[What this task involves]: Nothing but the pictures should be dropped; repeat the rest of the data below exactly.

[Exercise data]:
Segment Open

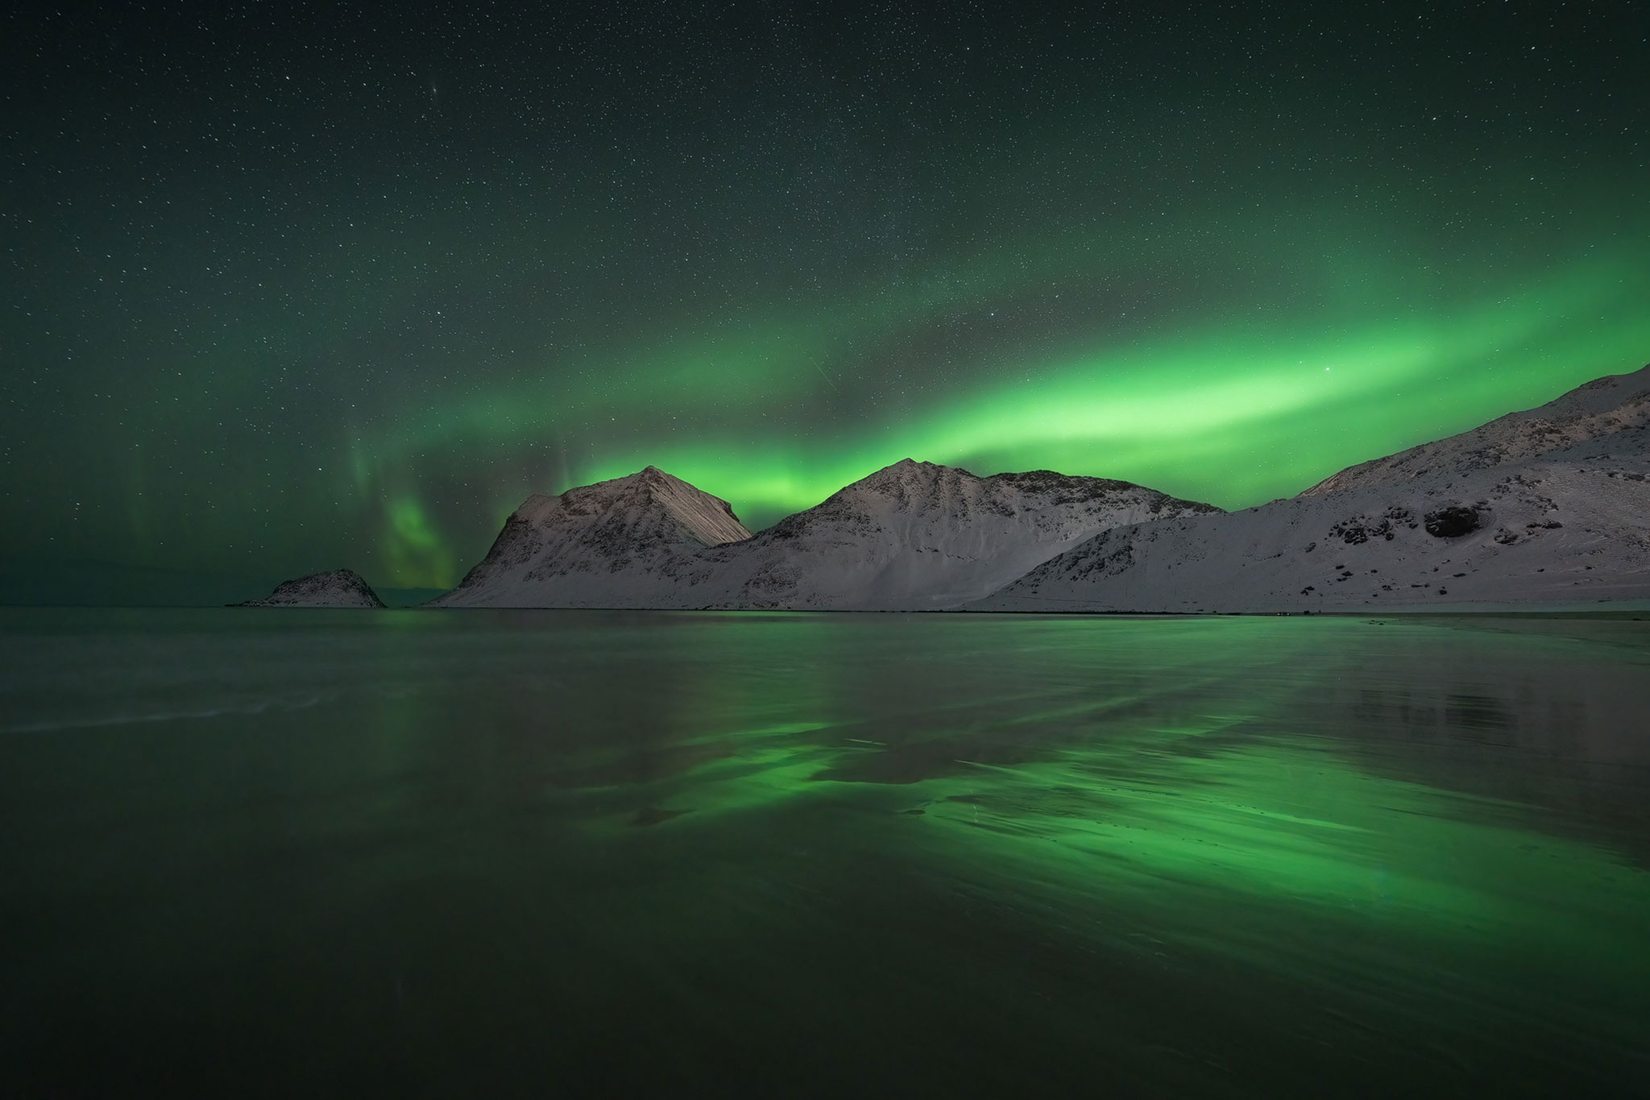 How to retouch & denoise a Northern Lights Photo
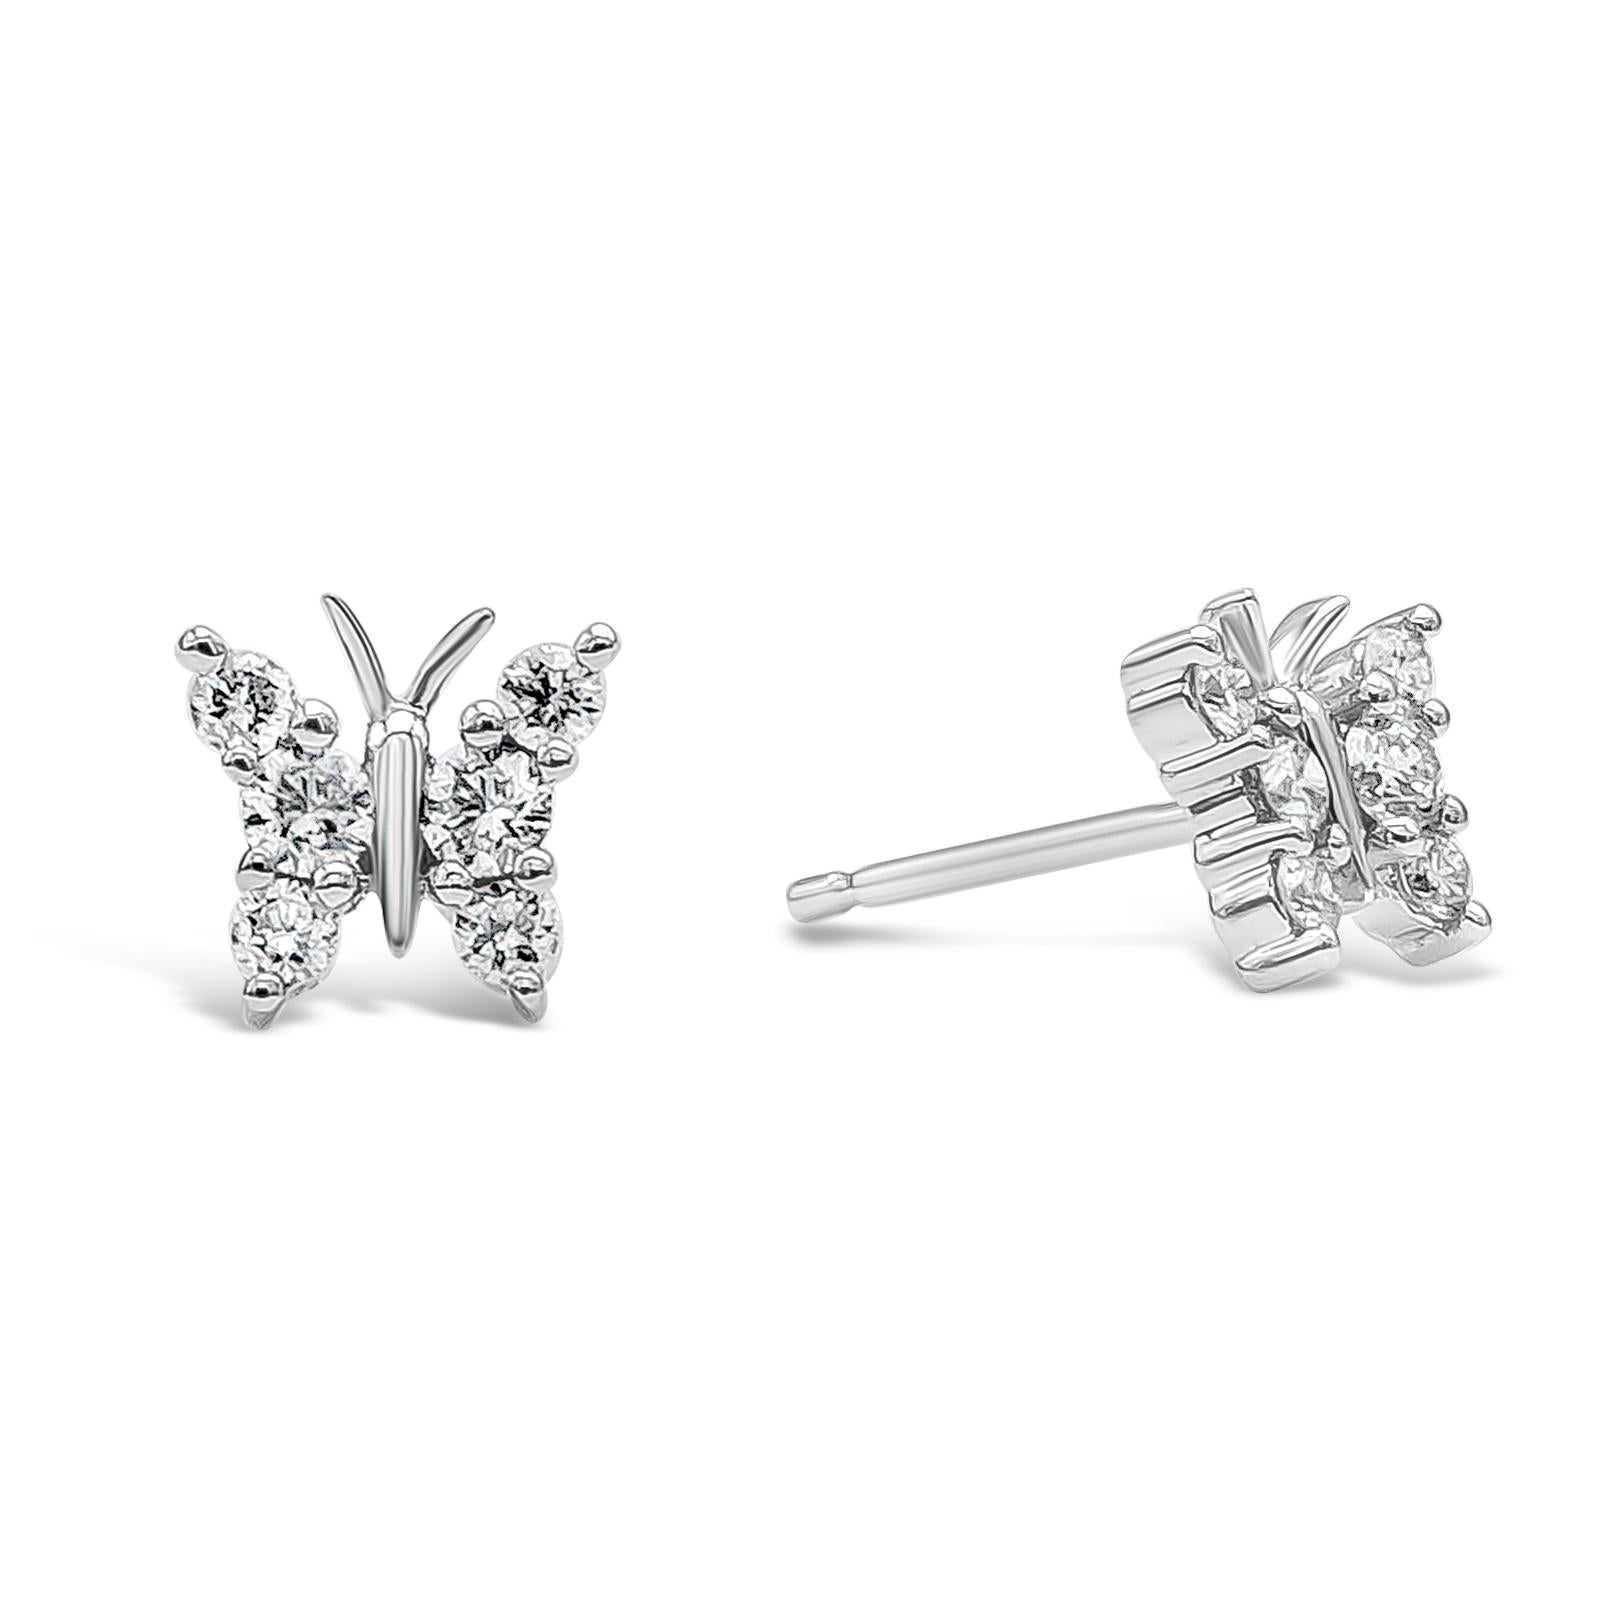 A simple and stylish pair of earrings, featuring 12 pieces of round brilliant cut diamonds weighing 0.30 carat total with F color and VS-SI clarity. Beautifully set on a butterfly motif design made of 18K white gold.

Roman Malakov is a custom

Segment Closed

[Reply]:
 How to retouch & denoise a Northern Lights Photo
 A simple and stylish pair of earrings, featuring 12 pieces of round brilliant cut diamonds weighing 0.30 carat total with F color and VS-SI clarity. Beautifully set on a butterfly motif design made of 18K white gold.

Roman Malakov is a custom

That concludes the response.